Contained within an area of approximately 3900 km2, here land and Delta meet to create an exceedingly picturesque preserve of floodplains – either seasonally or perennially wet, waterways, lagoons, pools, pans, grasslands and riparian, riverine and mophane forests. This makes for spectacular game viewing and bird watching, including all major naturally occurring herbivore and carnivore species in the region, and over 400 species of birds, many migratory and some endangered. Both Black and White Rhino have recently been re-introduced, now making the reserve a ‘Big Five’ destination. It is the only Game Reserve inside the World Heritage listed Okavango Delta.
On the 24th May we will pack our bags before departing on our early drive, we are moving 70km away today, to a site in the Khwai Community Concession area, at Magotho.

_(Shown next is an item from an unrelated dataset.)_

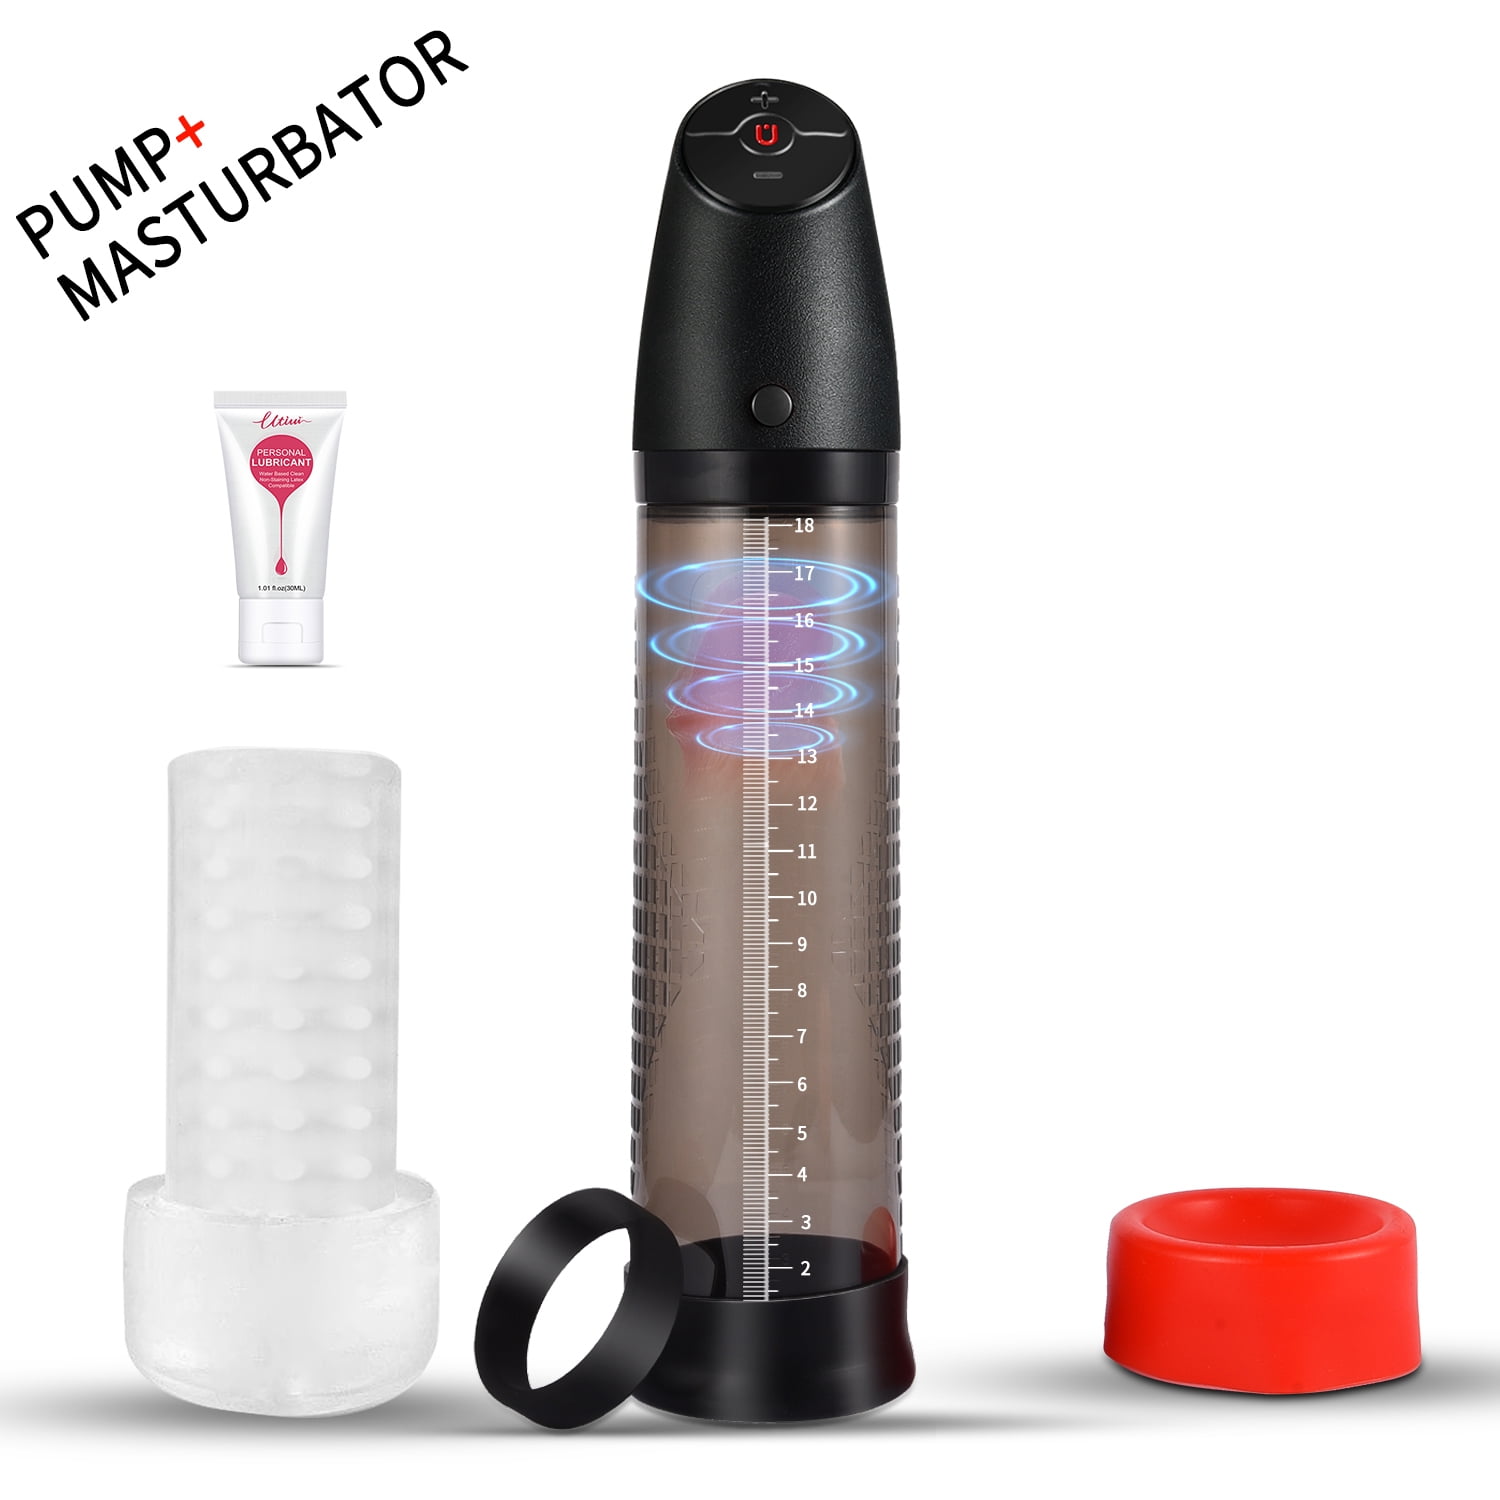 Electric Penis Vacuum Pump 2-in-1 Penis Pump Rechargeable Enlarger Pump Erection Pump for Penis Enlargement pic
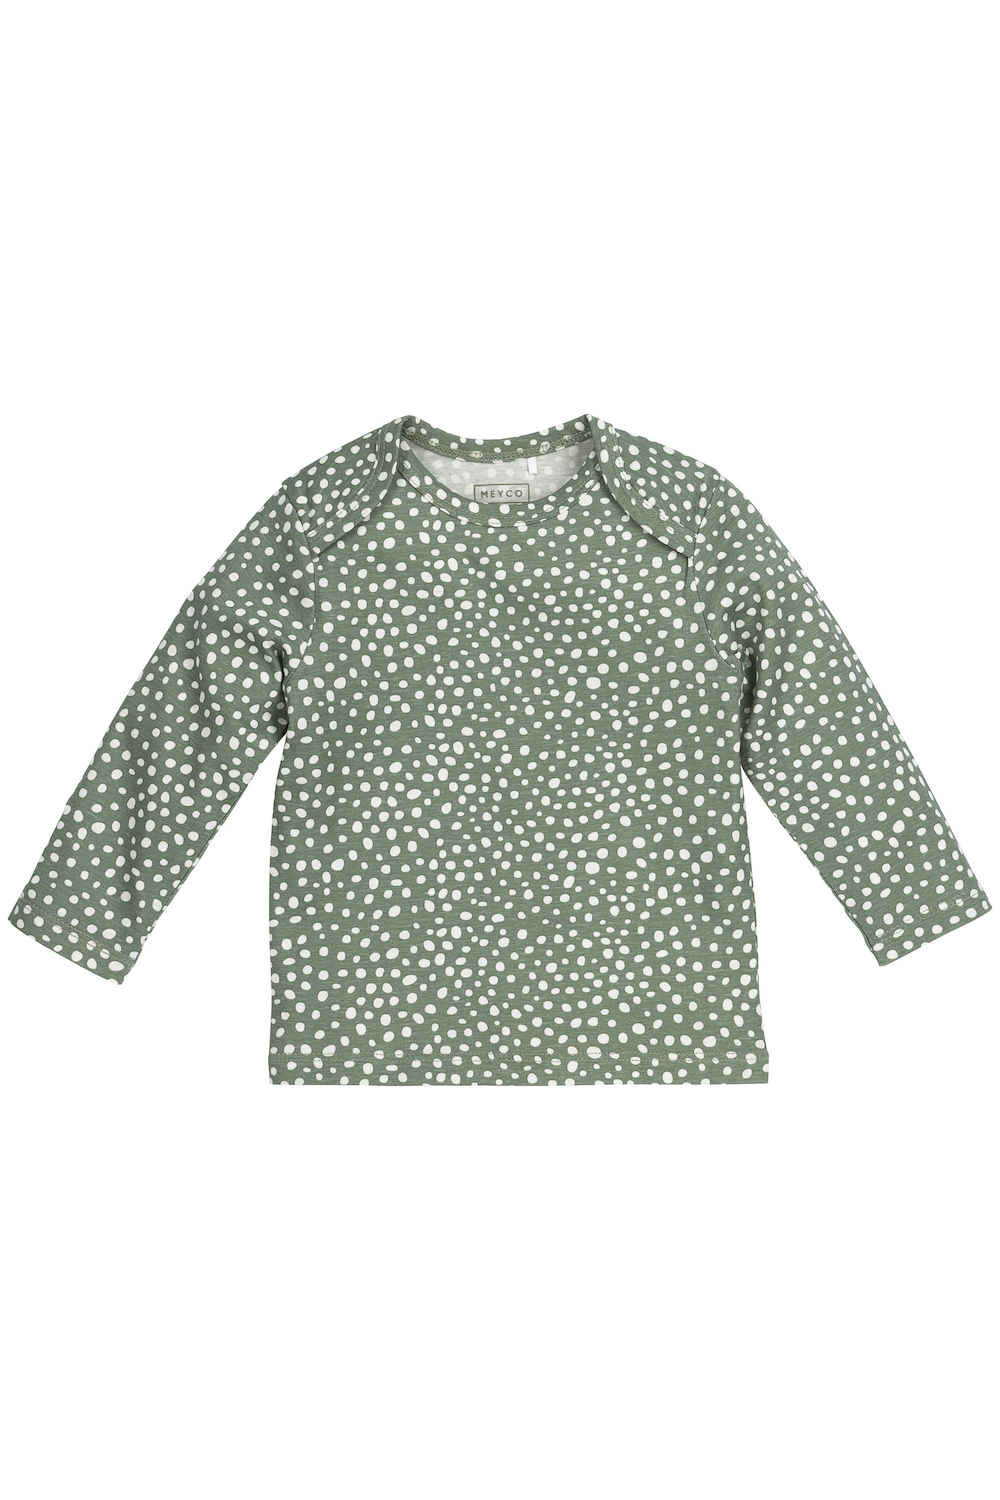 Baby Pyjama 2er pack Cheetah - forest green - 62/68

Khwai concession is a community-run private reserve adjacent to the Moremi Game Reserve, divided from it by the Khwai River. The river attracts high concentrations of thirsty wildlife. Riverine forest lines the wide water lily and papyrus covered floodplains around the Khwai River. A myriad of colourful birdlife is found in this watery habitat that is a breeding area for many species. Away from the river and plains is thick mophane woodland dotted with pans that attract many animal species in May, and where we often spot wild dog. The Khwai Community is running this area and all fees paid here go into the local Community providing schools, scholarships, water pumps and more.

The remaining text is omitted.